Consumers and Mobile Financial Services
March 2014
- How Mobile Phones Affect Shopping Behavior
- Use of Mobile Phones in Financial Decisionmaking
- Conclusion
- Appendix 1: Technical Appendix on Survey Methodology
Use of Mobile Phones in Financial Decisionmaking
As the use of mobile banking increases, mobile phones are increasingly becoming tools for managing personal finances and tracking spending. For example, 69 percent of mobile banking users report using their mobile phone to check account balances or available credit before making a large purchase in the past 12 months. Of those who checked their balance or available credit, 50 percent report that they decided not to buy an item because of the amount of money in their bank account or the amount of available credit.Some smartphone users actively manage their finances on their mobile phones: 24 percent report using their phone to track purchases and expenses. Among those tracking their finances on their mobile phones, 43 percent use a service provided by their bank, 34 percent use the web browser to access a website, 31 percent use a mobile application for expense tracking, 15 percent take notes in a notepad or word processor, and 7 percent use a spreadsheet.
Because many consumers have near-constant access to their mobile phones, these devices have the potential to provide "just-in-time information" that can influence consumer financial behavior and help them to make different, and perhaps smarter, financial decisions. The actions consumers take in response to the receipt of text message or e-mail notices from their financial institutions demonstrate some of the potential effects of this technology for encouraging consumers to engage in different financial behaviors that may prove to have beneficial outcomes.

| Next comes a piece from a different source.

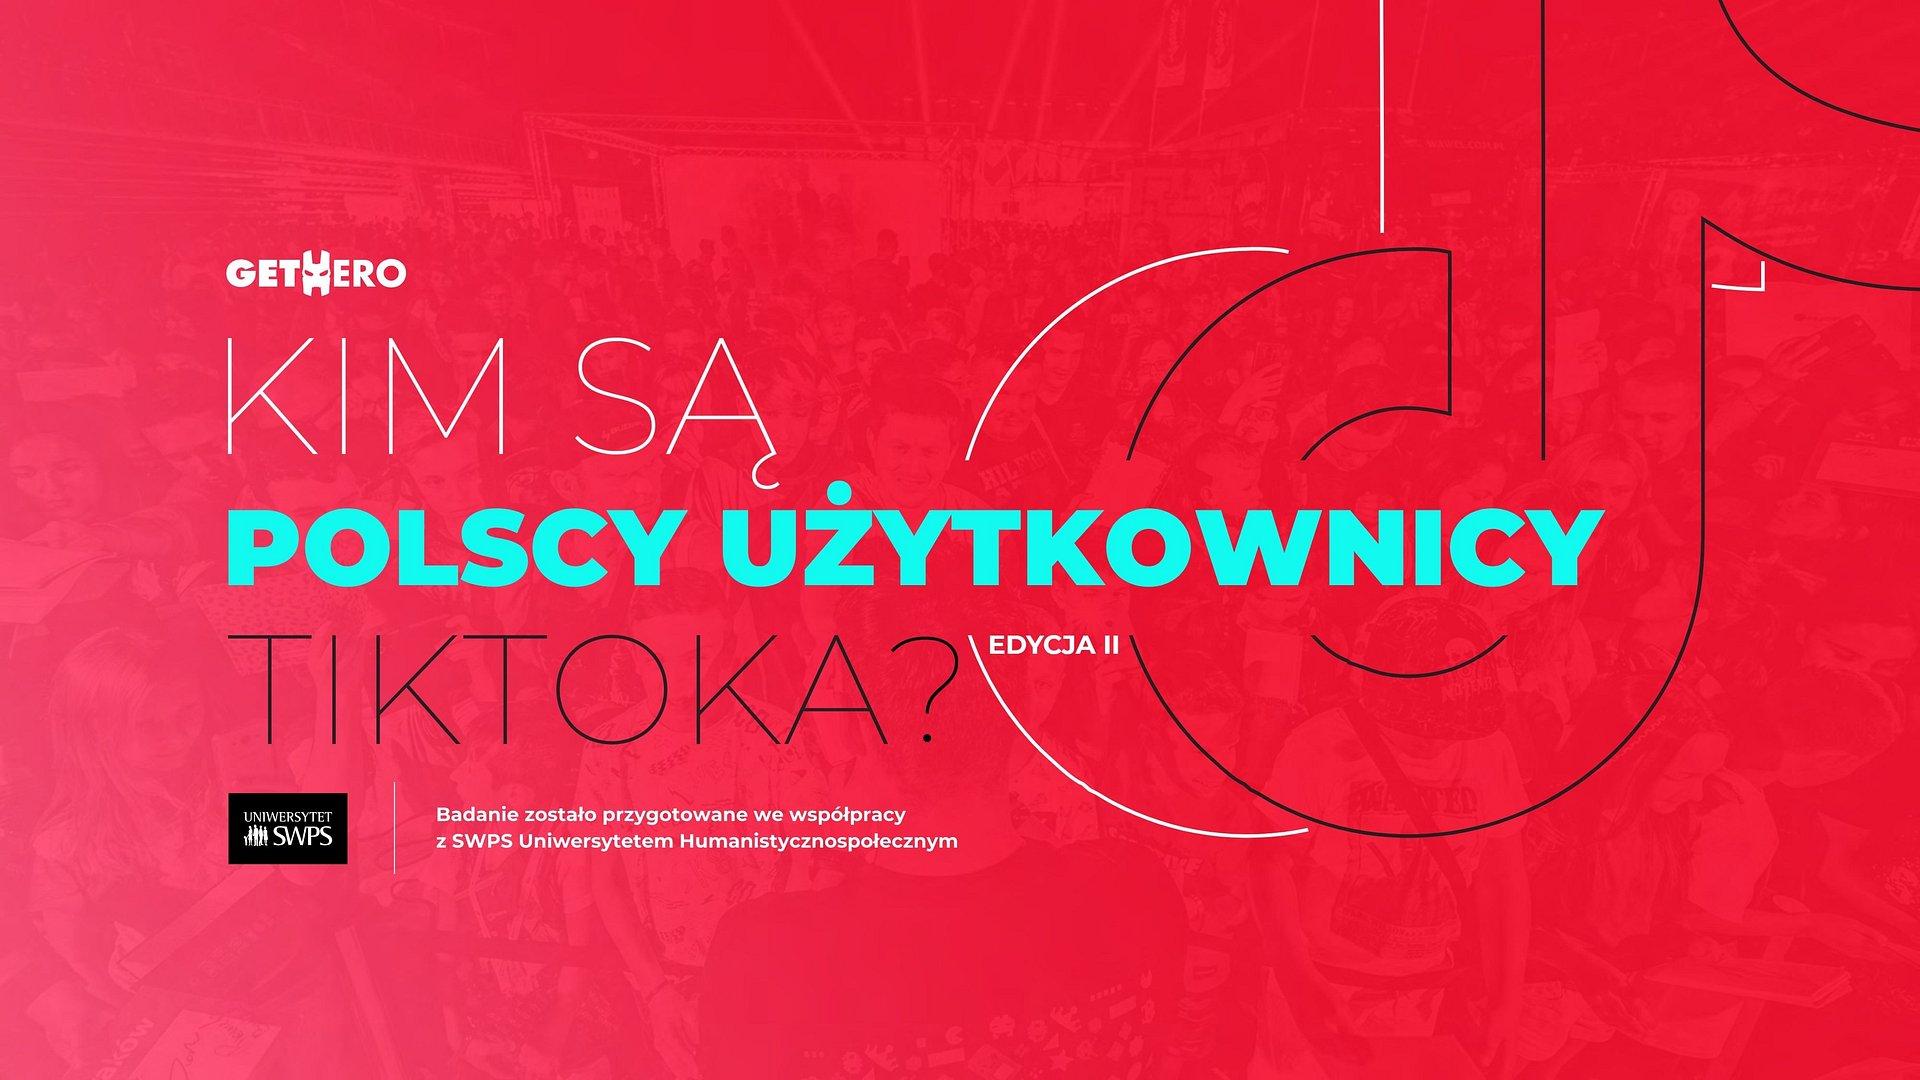 Kto korzysta z TikToka w Polsce? Poznaj aktualny raport agencji GetHero.

More than half (53 percent) of people who use mobile banking receive e-mail alerts from their bank and 43 percent receive text message alerts. Among those receiving alerts, 52 percent receive "low-balance alerts," 49 percent receive "statement available notifications," 42 percent receive "payment due alerts," 41 percent receive "deposit or withdrawal alerts," 38 percent receive "fraud alerts," and 25 percent receive "credit card balance alerts" (figure 8). Consumers who received a low-balance alert from their bank nearly all report taking some action in response: transferring money into the account with the low-balance (47 percent), reducing their spending (37 percent), or depositing additional money into the account (32 percent) (figure 9). Only 19 percent report taking no action in response to receiving a low-balance alert.